1.   Topic 13: Topic about force, war, land.
2.   Topic 6: Topic about how great things were, and the need to 'increase' and 'continue'
3.   Topic 10: Topic about goods and services, and the Treasury.
4.   Topic 8: Topic about the importance of the current time, and concerns about foreign relations and war.
5.   Topic 4: Topic about the President.
6.   Topic 3: Topic about war and peace, and foreign relations.
7.   Topic 0: Topic about wars and laws, particularly the need to 'increase' something.
8.   Topic 7: Topic about treaties, laws, land.
9.   Topic 9: Topic about how good and great things are, very similar to Topic 6. 
10.   Topic 12: Topic about something new and great.
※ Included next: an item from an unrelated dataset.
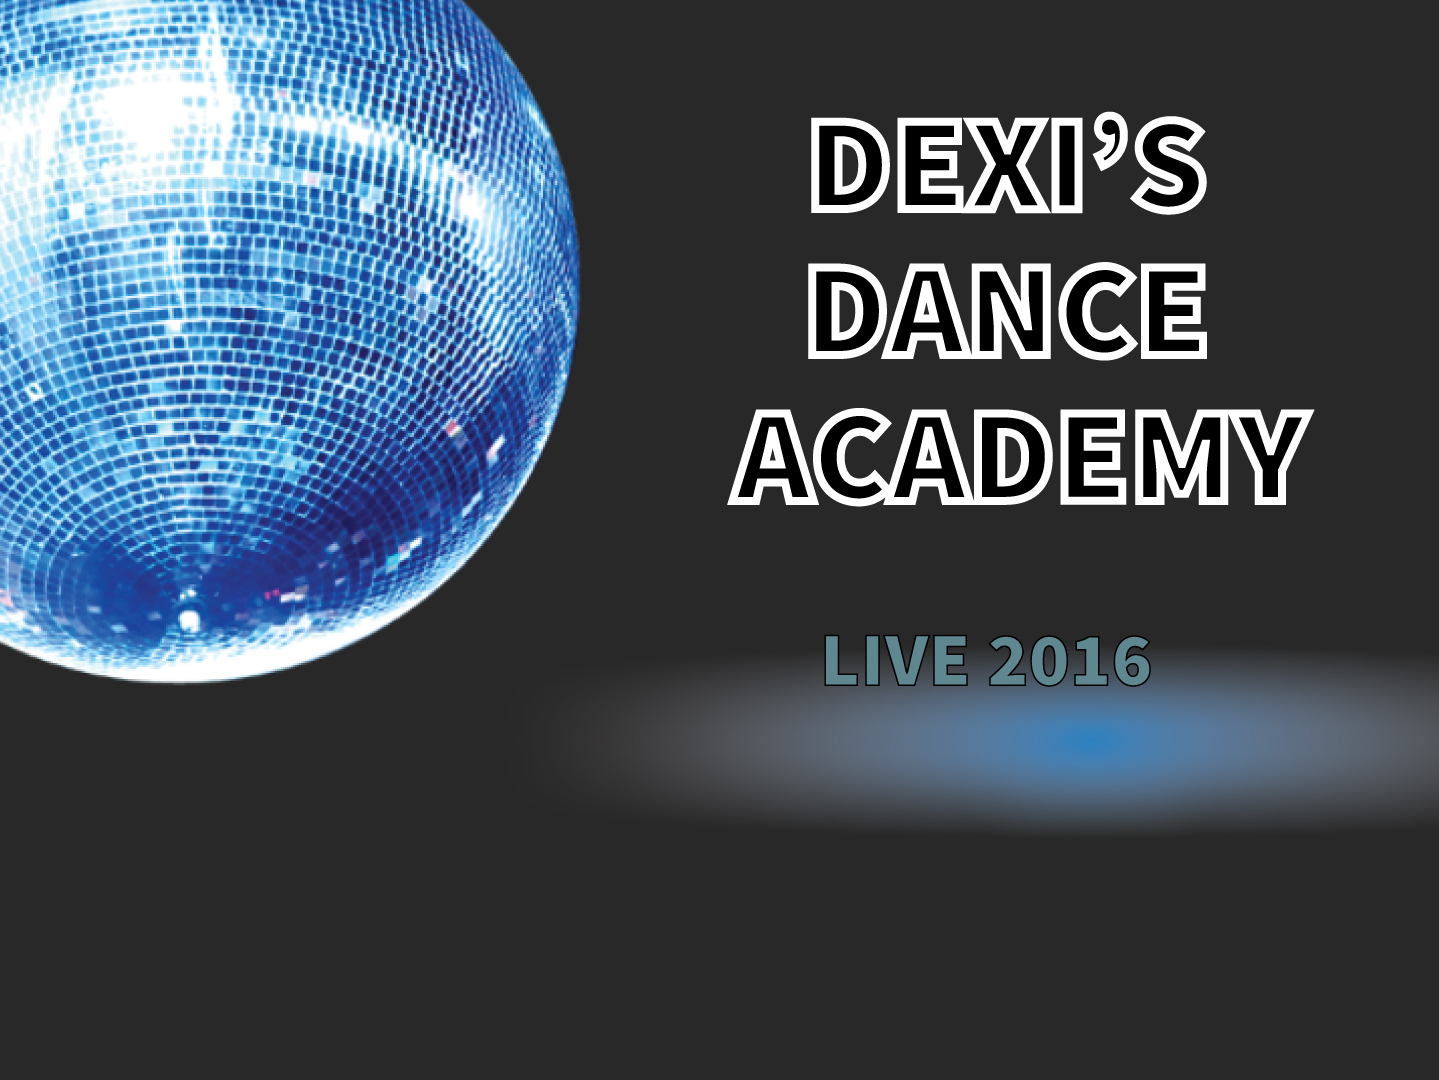 Live 2016 - Dexi's Dance Academy
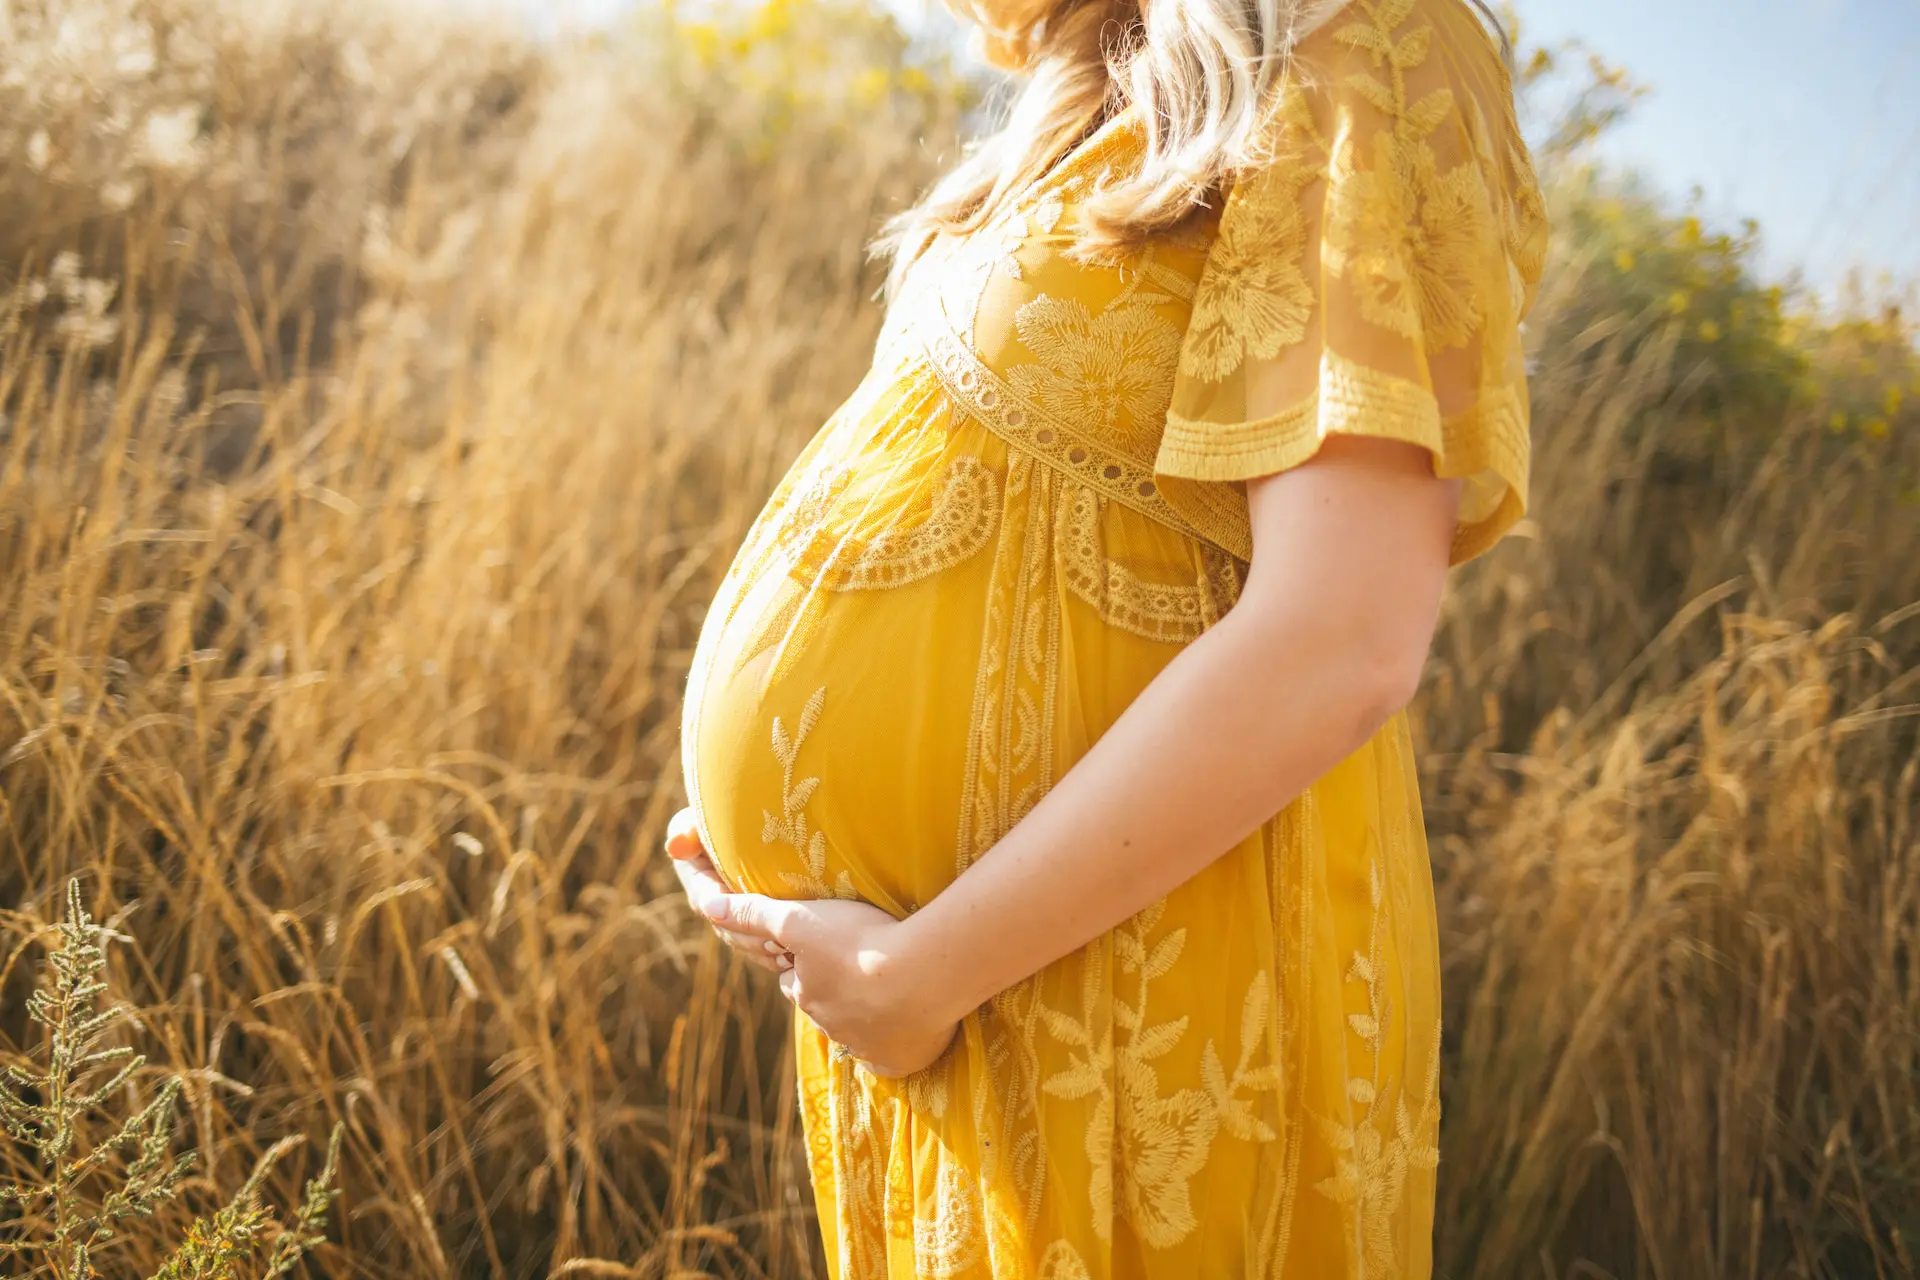 La gravidanza pone notevoli sfide al pavimento pelvico, essenziale per sostenere il peso dell'utero. La prevenzione primaria, il massaggio perineale e la riabilitazione post-partum sono cruciali per preservare la salute e la funzionalità di questa regione. Scopri come prenderti cura del tuo pavimento pelvico durante la gravidanza e nel periodo successivo al parto.

Unfortunately, the topics produced by the LDA model were generic and not very helpful. I spent a lot of time tweaking various parameters, such as the number of topics, the number of iterations, the number of passes, the minimum topic probability limit, etc. I also tried removing more common words during pre-processing, such as 'great', 'new', 'law', 'time', 'war', etc. But nothing worked. My guess is because all SOTU addresses are so long and so similar to each other in structure and content, I might be better off using TF-IDF or some other hierarchical models that can deal with repeated words better then simple LDA. I hope to get a chance to do TF-IDF for my final project.